Materials and methods

Microbial community standard

The ZymoBIOMICS HMW DNA Standard #D6322 (Zymo Research, USA) was used to determine the input limits for Nanopore gDNA sequencing without the need for whole-genome amplification. The DNA standard is composed of eight microbial species: seven bacteria and one yeast (Table S5). Used reference genome sequences are provided by Zymo and available at https://s3.amazonaws.com/zymo-files/BioPool/D6322.refseq.zip [07.12.2022].

Library preparation and QC

The input DNA amount of the standard was reduced stepwise from the recommended 1000 ng to 1 ng and included the following quantities of DNA: 1000 ng – 500 ng – 350 ng – 200 ng – 100 ng – 50 ng – 35 ng – 10 ng – 1 ng. DNA amounts in the dilution series were verified via Qubit. Each input quantity was analyzed in triplicates reported with mass and replicated number, e.g., 350_3 for 350 ng input material and replicate #3.
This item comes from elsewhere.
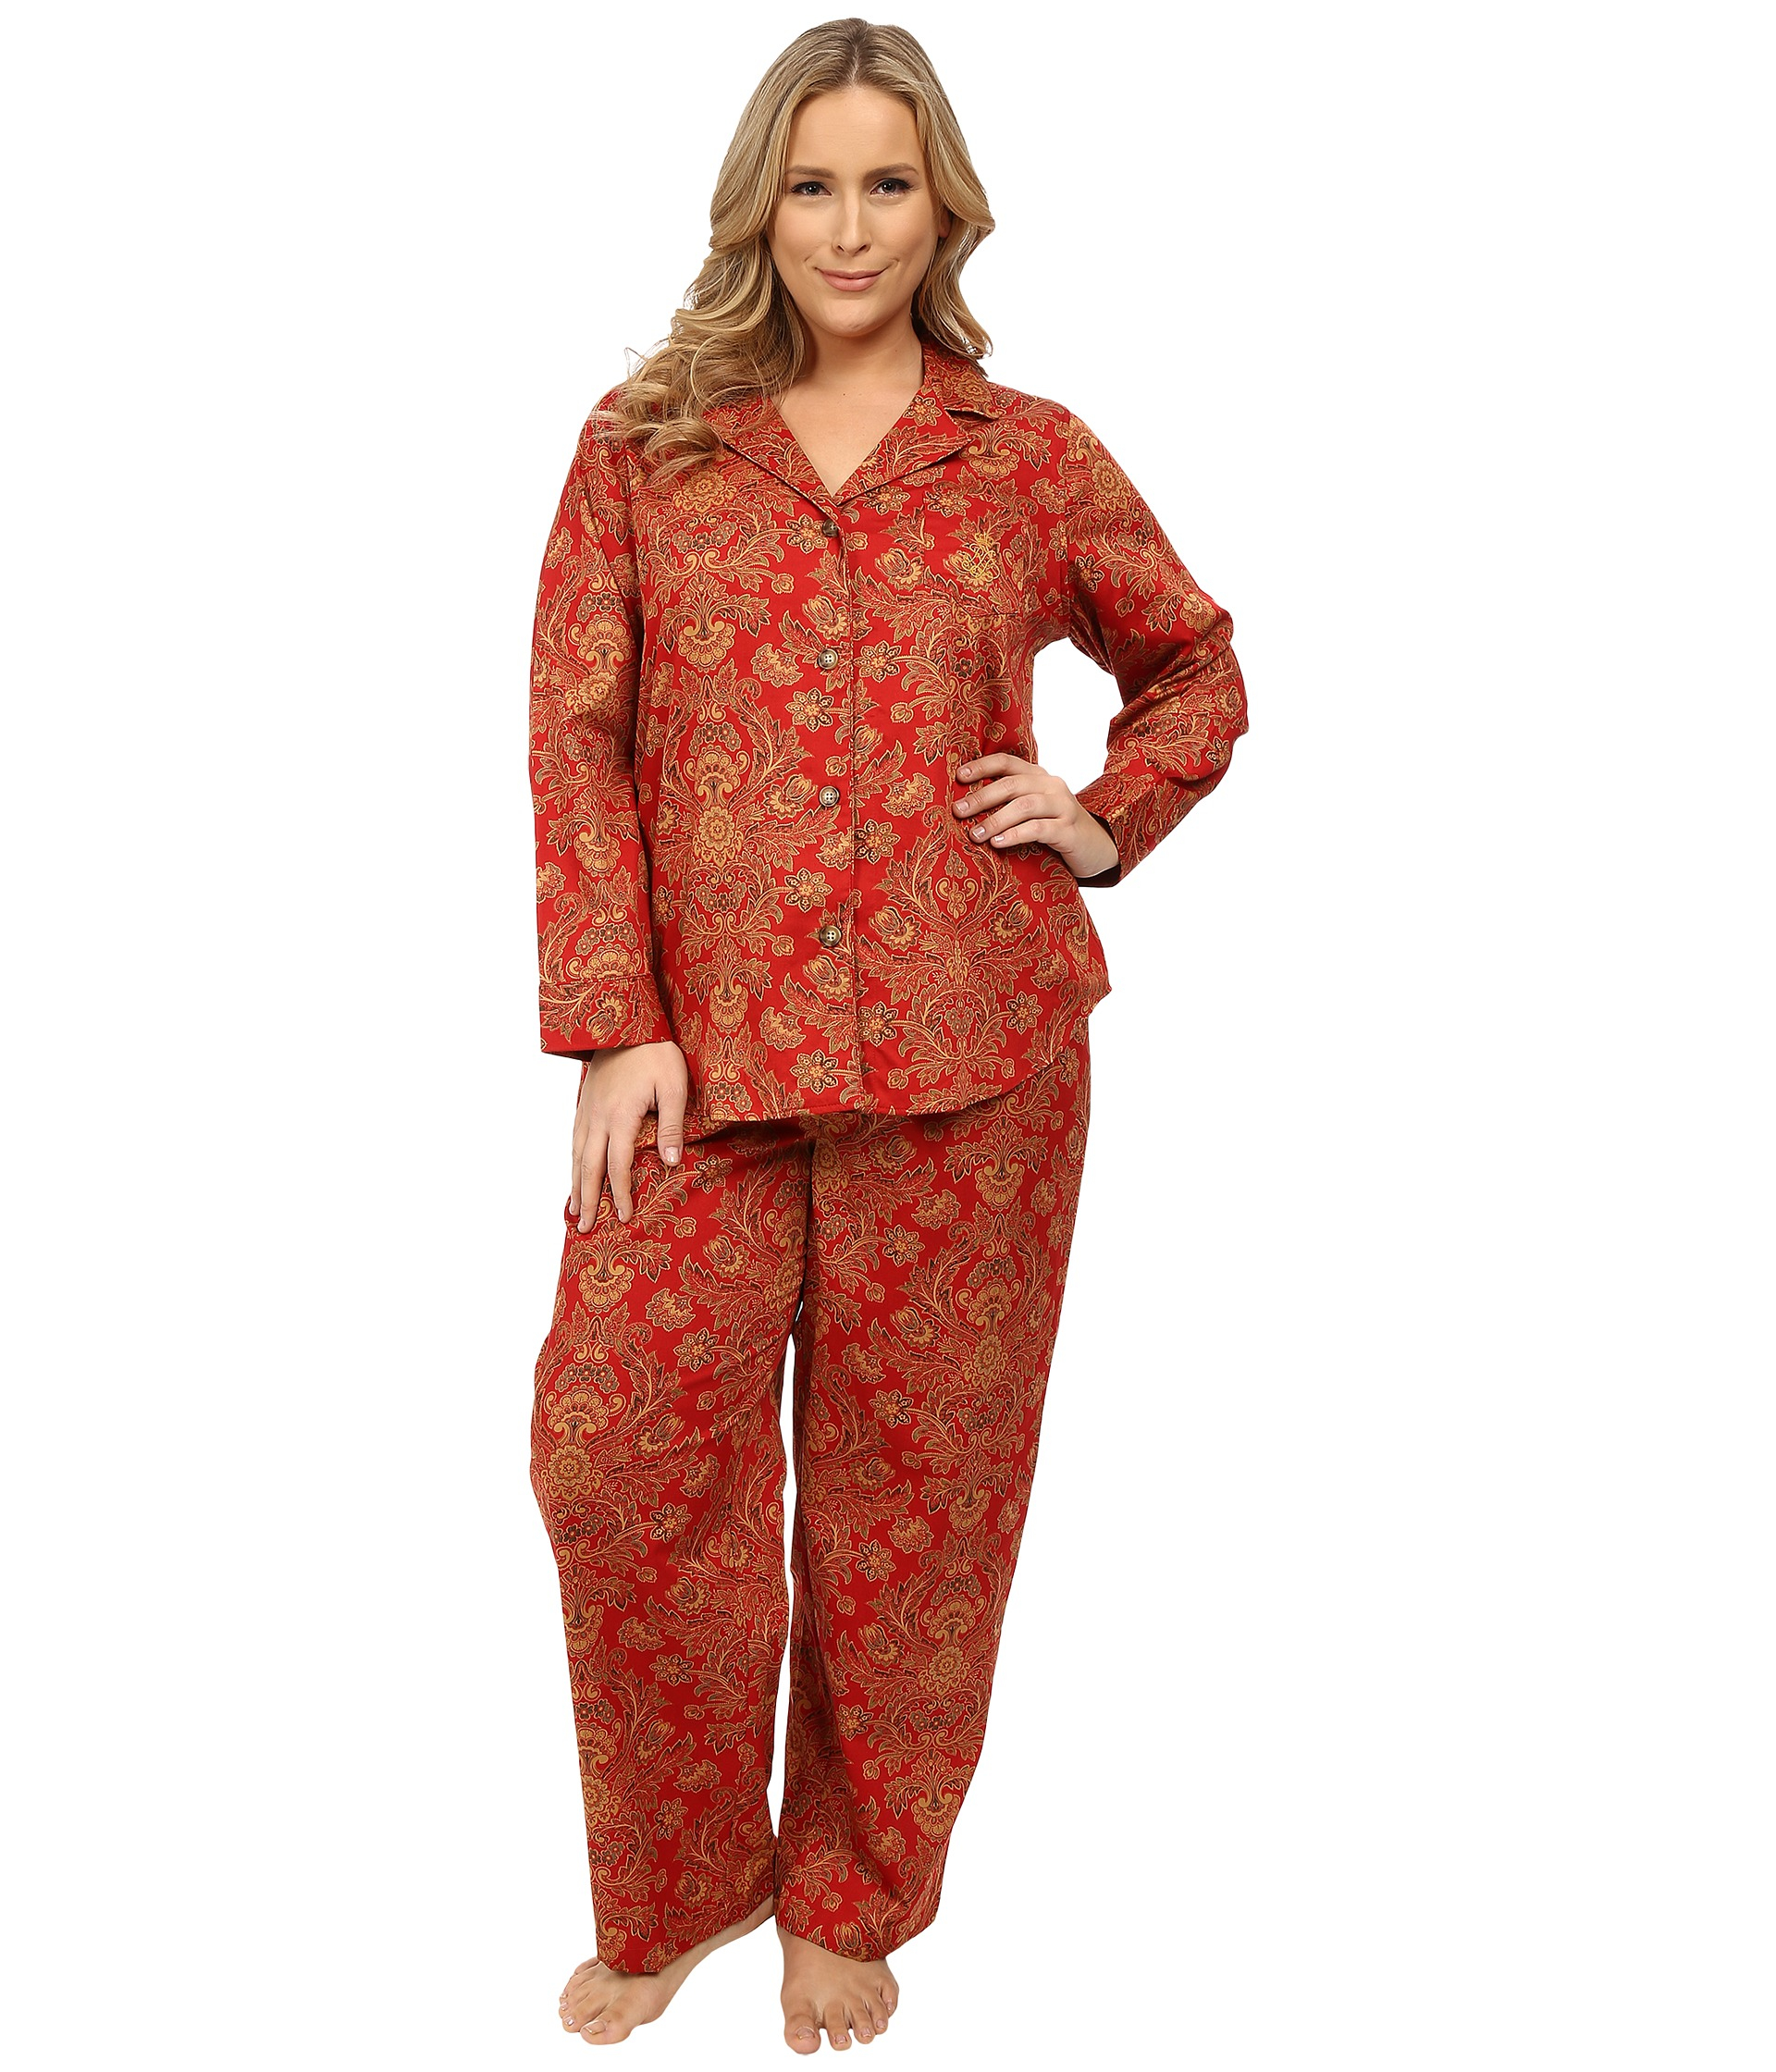 Lyst - Lauren by Ralph Lauren Classic Paisley Sateen Packaged Pajamas ...

Library preparation was performed using the SQK-LSK109 and SQK-LSK110 sequencing kits (Oxford Nanopore Technologies, UK) with minor deviations from the manufacturer’s instructions: Both clean-up steps with AmPure XP beads (Beckman Coulter, USA) were extended by 5 min (10 min in total). To enrich for long fragments, AmPure XP beads were washed using the long fragment buffer (LFB) in the respective step. Additionally, elution of the DNA library from the AmPure XP beads was performed at 37 °C as recommended for HMW DNA. DNA concentration and quality of prepared libraries were determined using Qubit 3.0 fluorometer (Thermo Fisher Scientific, USA) with the dsDNA HS array and Agilent TapeStation genomic DNA screen tapes. The maximum possible amount (12 µL) of DNA library was always loaded onto the Flow Cells. Prepared libraries were stored at -80 °C if not subsequently sequenced.

Nanopore sequencing

Sequencing was performed using a MinION™ Mk1B (ONT) equipped with FLO-MIN106D Flow Cells. Sequencing runs were supervised by MinKNOW v21.02.1. Sequencing runs were stopped manually after achieving 1 Gb per sample or if even after > 12 h the sequencing output had reduced so much that we did not expect to reach 1 Gb.

Basecalling and read QC

Generated Nanopore raw reads were basecalled using Guppy v 6.1.3 in its super-accurate mode enabled using the dna_r9.4.1_450bps_sup.cfg model (https://community.nanoporetech.com/downloads [21.12.22]). Guppy basecalling in super-accurate mode automatically excluded reads with a Q-Score lower than 10. Statistics about the sequencing run and the sequencing reads were acquired using Nanoplot v 1.39.0 using the sequencing summary file generated by Guppy as input [56]. Basecalled Nanopore reads were filtered with Filtlong v 0.2.0 (https://github.com/rrwick/Filtlong [11.08.22]) to remove reads shorter than 2000 bps using –min_length 2000.

Estimation of sequencing coverage

In order to estimate the coverage and the relative abundance of the individual species, respectively, Nanopore reads were mapped to the provided reference genome sequences using minimap2 v. 2.24-r1122 using the option --ax map-ont, --secondary = no and --sam-hit-only, whereas to quantify unmapped reads the --sam-hit-only flag was omitted [28]. Samtools v. 1.10 was used to manipulate resulting SAM files [57].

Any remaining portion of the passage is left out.